What was the happiest moment of your life?
I guess maybe when I had my first child. It was really representative of a very big change in my life but I’ve had so many. Graduating from high school, graduating from college, getting my first job. I guess I should include getting married too.
Who has been most influential in your life?
My mother and my father. Especially my mother. She really instilled the importance of reading, studying, and getting good grades in school. I learned how to be a parent from her. One thing I remember about my father is he was the one who taught me about job ethics. Because the first job that I had really wasn’t until I was in between college years and the challenges in getting a job being an African American. Back in that time you really couldn’t get jobs. So my first job was really after my freshman year of college, and he told me not to be a “clock watcher” and do whatever needs to be done even if it’s outside the job description and know that you’re there to be helpful. So that really made a big impression on me. My mother also was a big influence on my spiritual development.
What advice or quote did you always try to live by?
My favorite quote from the Bible – “Let everything that has breath praise the Lord.” Everything we should be doing in this world, He should be with us along each step. It should be for and with Him. My faith is a big reason why I got into volunteering. When you are putting the Lord into your volunteering, it helps so much. I started volunteering as young as 12 years old teaching church Sunday school classes or when I got old enough to play the piano, I’d play the organ when the organist wouldn’t show up. I was involved in Girl scouts, a lot of volunteer work with my sorority. Involved with The Drifters where I’ve been an officer on their National Board, it’s an organization that supports a lot of social service organizations.
What is one memory from your past you cherish?

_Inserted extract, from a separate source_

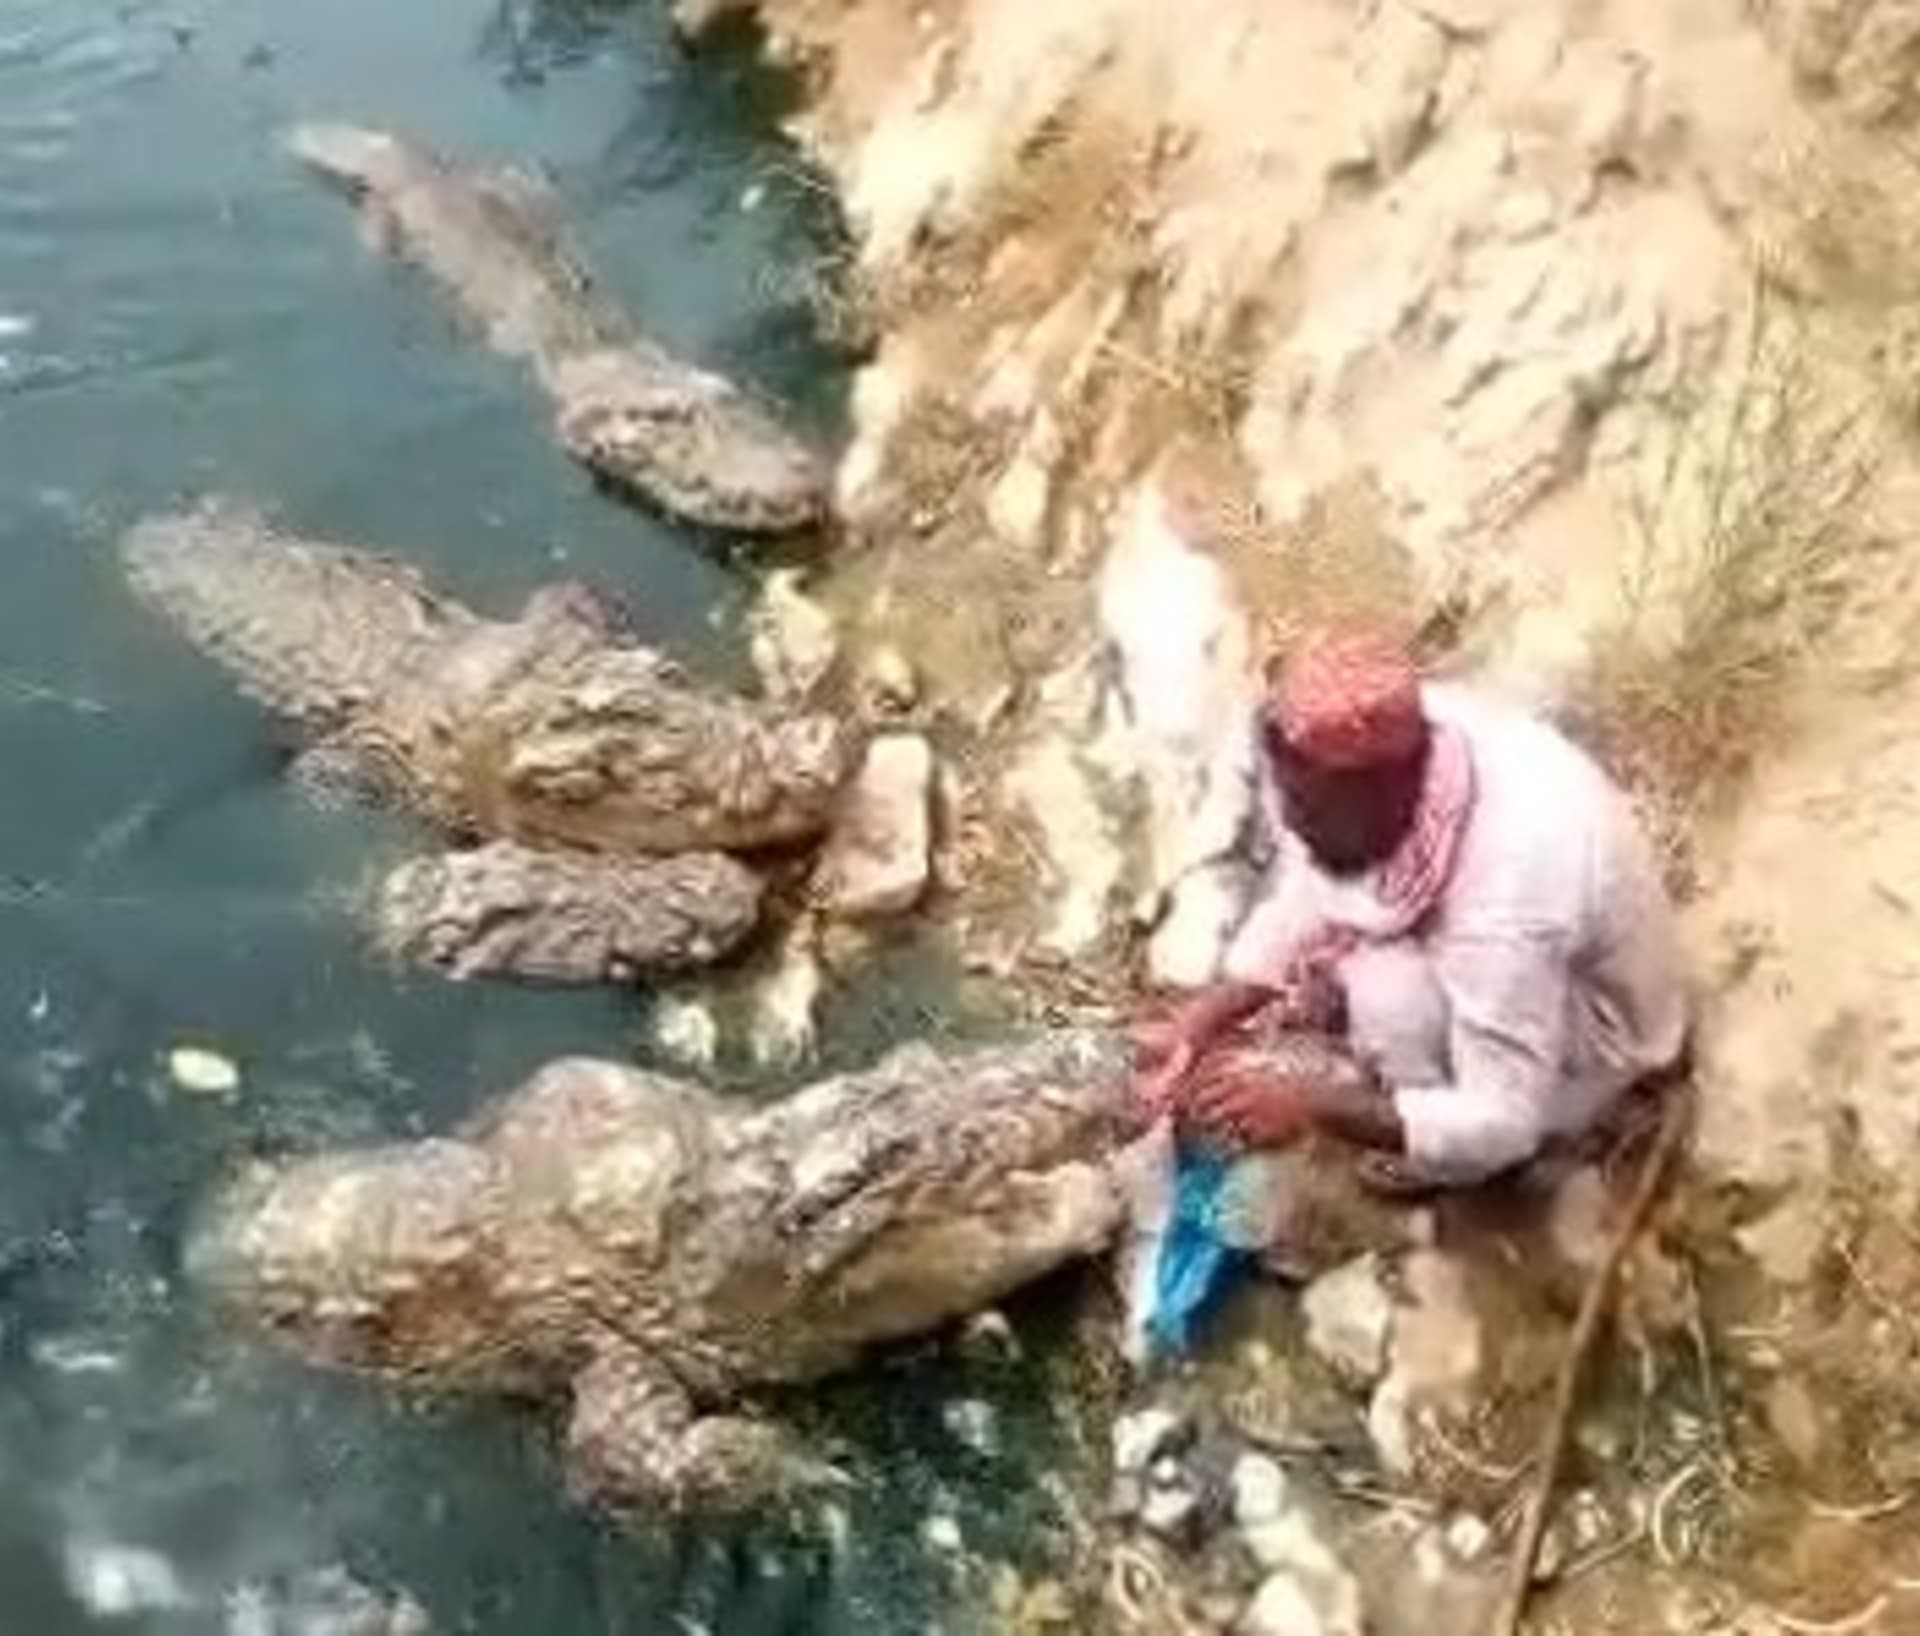 Muž krmil krokodýly přímo z ruky

When I first retired, I spent more time with my grandchildren. I always spent time with my grand kids, picking them up, babysitting them, stuff like that. But for the year after I retired, that full year I was like a nanny to my two youngest grandchildren. I would go over to their house year round. It’s a lot of trouble to have children come out to your house, so I’d go to their house and while I was babysitting I’d go grocery shopping, do their dishes, do their laundry. And that was really fulfilling. But you know the other thing…my job….I was never unhappy in my job. I was a licensed physical therapist and worked mostly with little children. I only had three jobs in my life. For 12 years, I worked with kids with cerebral palsy, for a few years I worked in a nursing facility, and for 30 something years I worked for Cincinnati Public Schools. But I really, really loved my job.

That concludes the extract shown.